Problem details: The data below holds the lines to copy: everything from the line containing "Dr. Patrick Lenaghan" to the line containing "tratamento-de-agua-sistemas-alimentos-e-bebidas.jpg", both ends included, set down exactly.

Data to use:
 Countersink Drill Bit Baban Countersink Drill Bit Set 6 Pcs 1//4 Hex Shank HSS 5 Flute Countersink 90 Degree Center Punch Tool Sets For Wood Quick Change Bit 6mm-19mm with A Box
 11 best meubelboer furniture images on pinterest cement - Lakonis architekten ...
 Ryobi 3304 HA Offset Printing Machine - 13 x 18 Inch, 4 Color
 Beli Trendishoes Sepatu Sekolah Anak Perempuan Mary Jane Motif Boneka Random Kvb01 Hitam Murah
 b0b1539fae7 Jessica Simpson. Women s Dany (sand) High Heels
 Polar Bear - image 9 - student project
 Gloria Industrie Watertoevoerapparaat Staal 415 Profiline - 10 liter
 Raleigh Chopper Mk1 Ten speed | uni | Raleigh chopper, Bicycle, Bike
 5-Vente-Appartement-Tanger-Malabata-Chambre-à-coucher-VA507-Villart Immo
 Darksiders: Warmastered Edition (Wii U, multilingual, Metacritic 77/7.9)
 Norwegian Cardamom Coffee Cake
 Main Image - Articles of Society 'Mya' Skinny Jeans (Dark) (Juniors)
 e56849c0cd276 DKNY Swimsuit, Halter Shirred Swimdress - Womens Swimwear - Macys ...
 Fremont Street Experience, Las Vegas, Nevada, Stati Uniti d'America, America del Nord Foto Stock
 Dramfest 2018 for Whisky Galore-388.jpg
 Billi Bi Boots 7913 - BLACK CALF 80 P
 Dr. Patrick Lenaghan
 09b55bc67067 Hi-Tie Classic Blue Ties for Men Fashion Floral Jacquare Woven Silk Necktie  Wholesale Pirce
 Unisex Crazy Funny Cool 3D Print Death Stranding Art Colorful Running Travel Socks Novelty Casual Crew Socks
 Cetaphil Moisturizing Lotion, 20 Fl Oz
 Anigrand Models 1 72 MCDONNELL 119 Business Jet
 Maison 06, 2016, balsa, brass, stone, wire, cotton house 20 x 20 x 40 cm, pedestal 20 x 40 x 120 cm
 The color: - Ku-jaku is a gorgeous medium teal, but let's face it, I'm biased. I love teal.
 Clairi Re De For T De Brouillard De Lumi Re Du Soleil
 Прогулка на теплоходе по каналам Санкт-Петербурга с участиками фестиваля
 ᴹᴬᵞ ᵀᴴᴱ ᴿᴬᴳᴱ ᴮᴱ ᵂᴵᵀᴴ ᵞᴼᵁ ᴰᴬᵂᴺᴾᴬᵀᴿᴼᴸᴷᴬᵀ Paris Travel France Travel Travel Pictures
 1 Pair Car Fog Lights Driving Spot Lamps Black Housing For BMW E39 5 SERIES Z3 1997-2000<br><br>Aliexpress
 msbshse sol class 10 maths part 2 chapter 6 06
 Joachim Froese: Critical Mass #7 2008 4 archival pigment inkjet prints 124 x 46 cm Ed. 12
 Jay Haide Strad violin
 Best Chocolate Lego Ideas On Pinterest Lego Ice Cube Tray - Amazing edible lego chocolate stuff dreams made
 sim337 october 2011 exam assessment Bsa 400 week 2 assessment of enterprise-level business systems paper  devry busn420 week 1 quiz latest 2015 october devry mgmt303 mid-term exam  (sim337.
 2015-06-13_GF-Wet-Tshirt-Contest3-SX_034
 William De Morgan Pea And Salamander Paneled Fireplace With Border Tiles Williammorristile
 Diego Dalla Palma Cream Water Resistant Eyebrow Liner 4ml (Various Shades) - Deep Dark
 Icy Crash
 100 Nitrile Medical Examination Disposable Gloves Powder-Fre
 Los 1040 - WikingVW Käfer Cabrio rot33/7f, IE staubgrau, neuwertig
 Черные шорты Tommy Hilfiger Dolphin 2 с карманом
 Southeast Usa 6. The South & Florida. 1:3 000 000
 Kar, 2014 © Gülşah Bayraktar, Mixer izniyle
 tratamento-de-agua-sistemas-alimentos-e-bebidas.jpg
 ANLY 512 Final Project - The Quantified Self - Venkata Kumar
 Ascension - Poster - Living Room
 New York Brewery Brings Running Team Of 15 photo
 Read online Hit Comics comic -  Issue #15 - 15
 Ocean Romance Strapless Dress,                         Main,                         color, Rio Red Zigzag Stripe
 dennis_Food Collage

Your response:
 Dr. Patrick Lenaghan
 09b55bc67067 Hi-Tie Classic Blue Ties for Men Fashion Floral Jacquare Woven Silk Necktie  Wholesale Pirce
 Unisex Crazy Funny Cool 3D Print Death Stranding Art Colorful Running Travel Socks Novelty Casual Crew Socks
 Cetaphil Moisturizing Lotion, 20 Fl Oz
 Anigrand Models 1 72 MCDONNELL 119 Business Jet
 Maison 06, 2016, balsa, brass, stone, wire, cotton house 20 x 20 x 40 cm, pedestal 20 x 40 x 120 cm
 The color: - Ku-jaku is a gorgeous medium teal, but let's face it, I'm biased. I love teal.
 Clairi Re De For T De Brouillard De Lumi Re Du Soleil
 Прогулка на теплоходе по каналам Санкт-Петербурга с участиками фестиваля
 ᴹᴬᵞ ᵀᴴᴱ ᴿᴬᴳᴱ ᴮᴱ ᵂᴵᵀᴴ ᵞᴼᵁ ᴰᴬᵂᴺᴾᴬᵀᴿᴼᴸᴷᴬᵀ Paris Travel France Travel Travel Pictures
 1 Pair Car Fog Lights Driving Spot Lamps Black Housing For BMW E39 5 SERIES Z3 1997-2000<br><br>Aliexpress
 msbshse sol class 10 maths part 2 chapter 6 06
 Joachim Froese: Critical Mass #7 2008 4 archival pigment inkjet prints 124 x 46 cm Ed. 12
 Jay Haide Strad violin
 Best Chocolate Lego Ideas On Pinterest Lego Ice Cube Tray - Amazing edible lego chocolate stuff dreams made
 sim337 october 2011 exam assessment Bsa 400 week 2 assessment of enterprise-level business systems paper  devry busn420 week 1 quiz latest 2015 october devry mgmt303 mid-term exam  (sim337.
 2015-06-13_GF-Wet-Tshirt-Contest3-SX_034
 William De Morgan Pea And Salamander Paneled Fireplace With Border Tiles Williammorristile
 Diego Dalla Palma Cream Water Resistant Eyebrow Liner 4ml (Various Shades) - Deep Dark
 Icy Crash
 100 Nitrile Medical Examination Disposable Gloves Powder-Fre
 Los 1040 - WikingVW Käfer Cabrio rot33/7f, IE staubgrau, neuwertig
 Черные шорты Tommy Hilfiger Dolphin 2 с карманом
 Southeast Usa 6. The South & Florida. 1:3 000 000
 Kar, 2014 © Gülşah Bayraktar, Mixer izniyle
 tratamento-de-agua-sistemas-alimentos-e-bebidas.jpg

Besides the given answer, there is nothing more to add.